*** DATA EXTRACT Section Begins ***

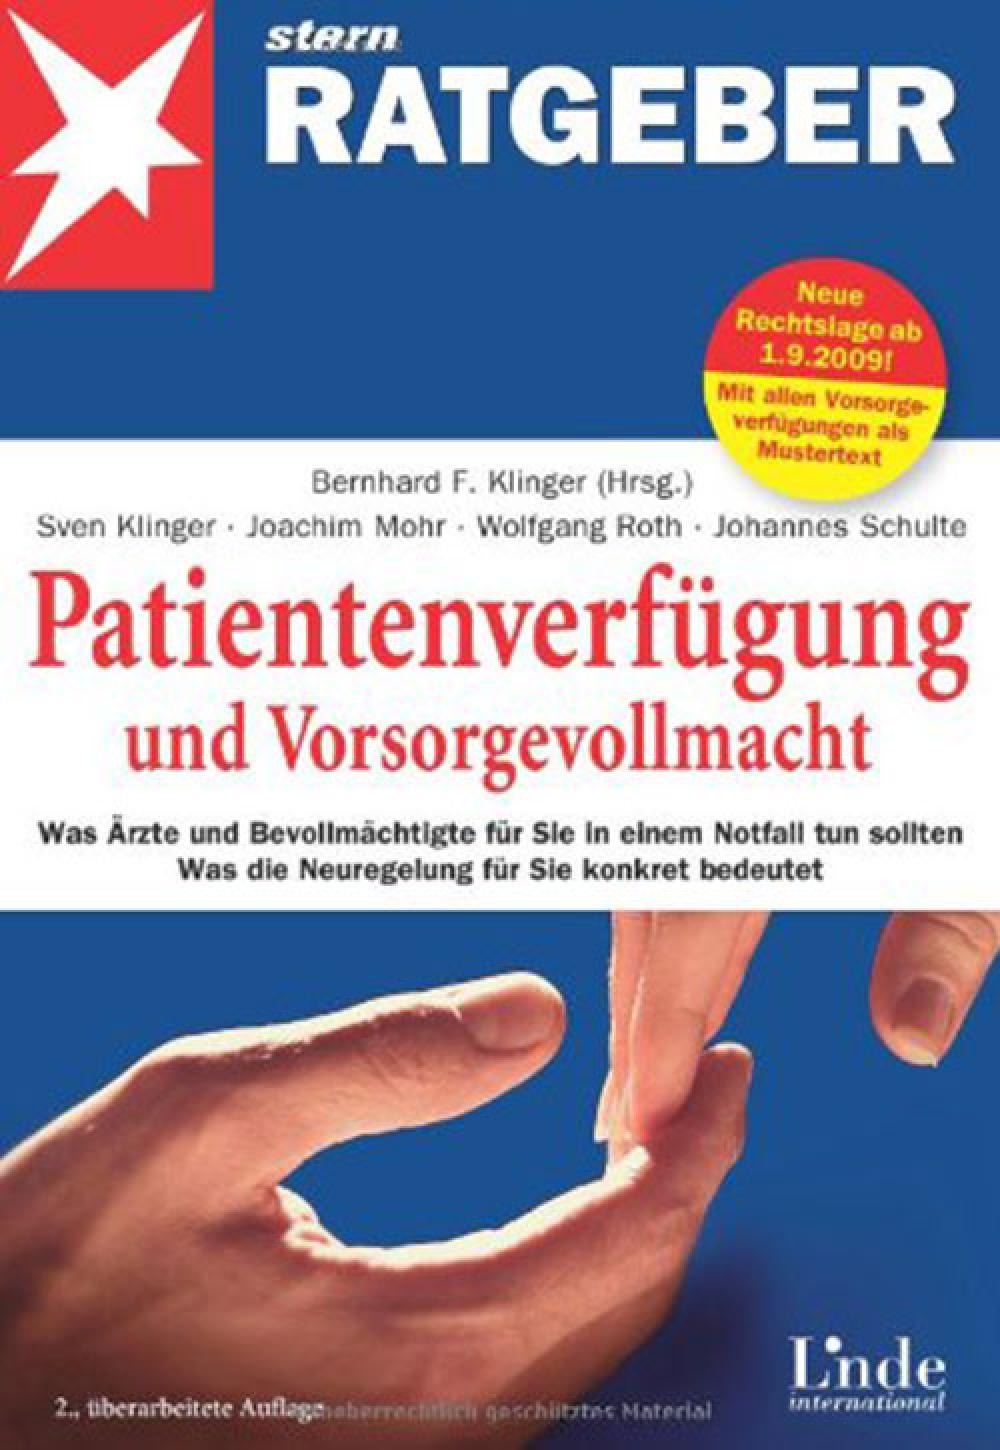 Patientenverfügung und Vorsorgevollmacht - Was Ärzte und Bevollmächtigte für Sie in einem Notfall tun sollen, 2. Auflage title=
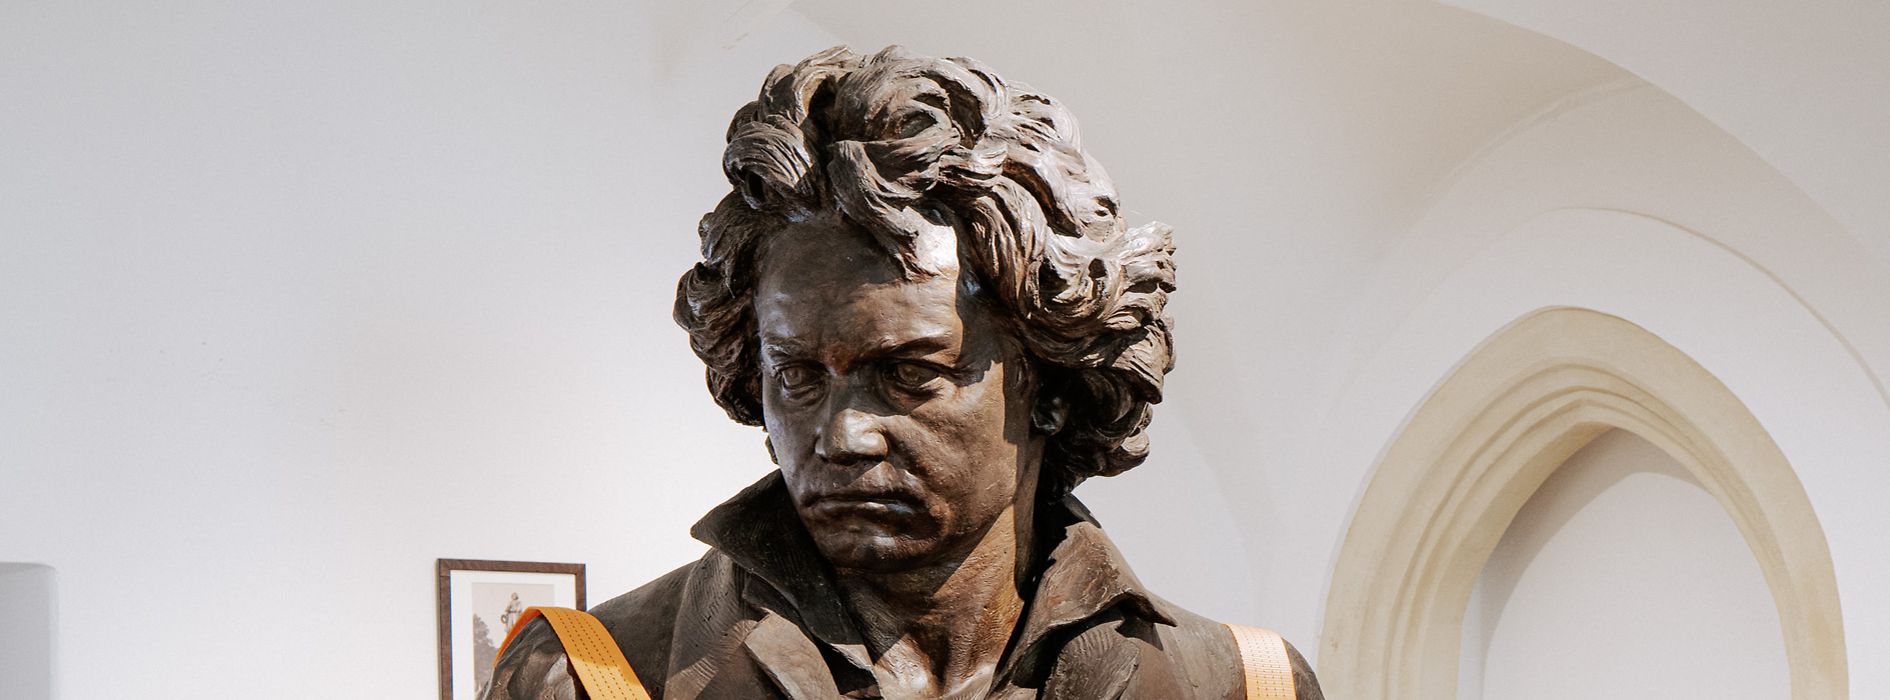 Beethoven Museum, Innenansicht, Beethovenbüste auf Paletten
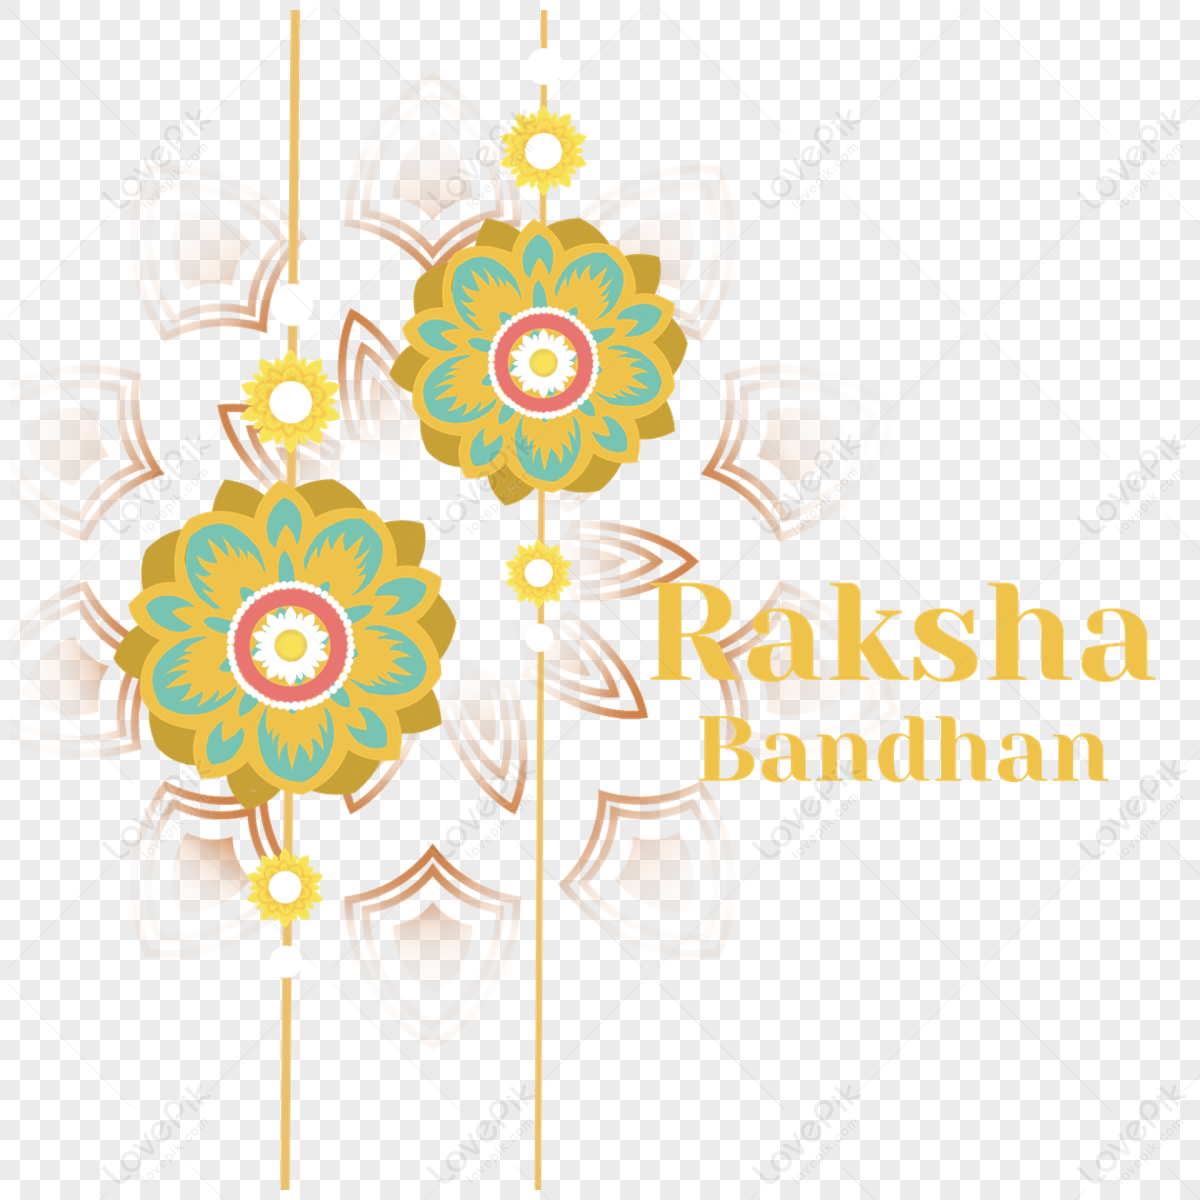 Raksha Bandhan : Happy Raksha Bandhan HD Images Free Download

*** DATA EXTRACT Section Ends ***

WORK ORDER:
Print the whole listing exactly, please, and keep any images out of it.

TASK OUTPUT:
 Patientenverfügung und Vorsorgevollmacht - Was Ärzte und Bevollmächtigte für Sie in einem Notfall tun sollen, 2. Auflage title=
 Beethoven Museum, Innenansicht, Beethovenbüste auf Paletten
 Raksha Bandhan : Happy Raksha Bandhan HD Images Free Download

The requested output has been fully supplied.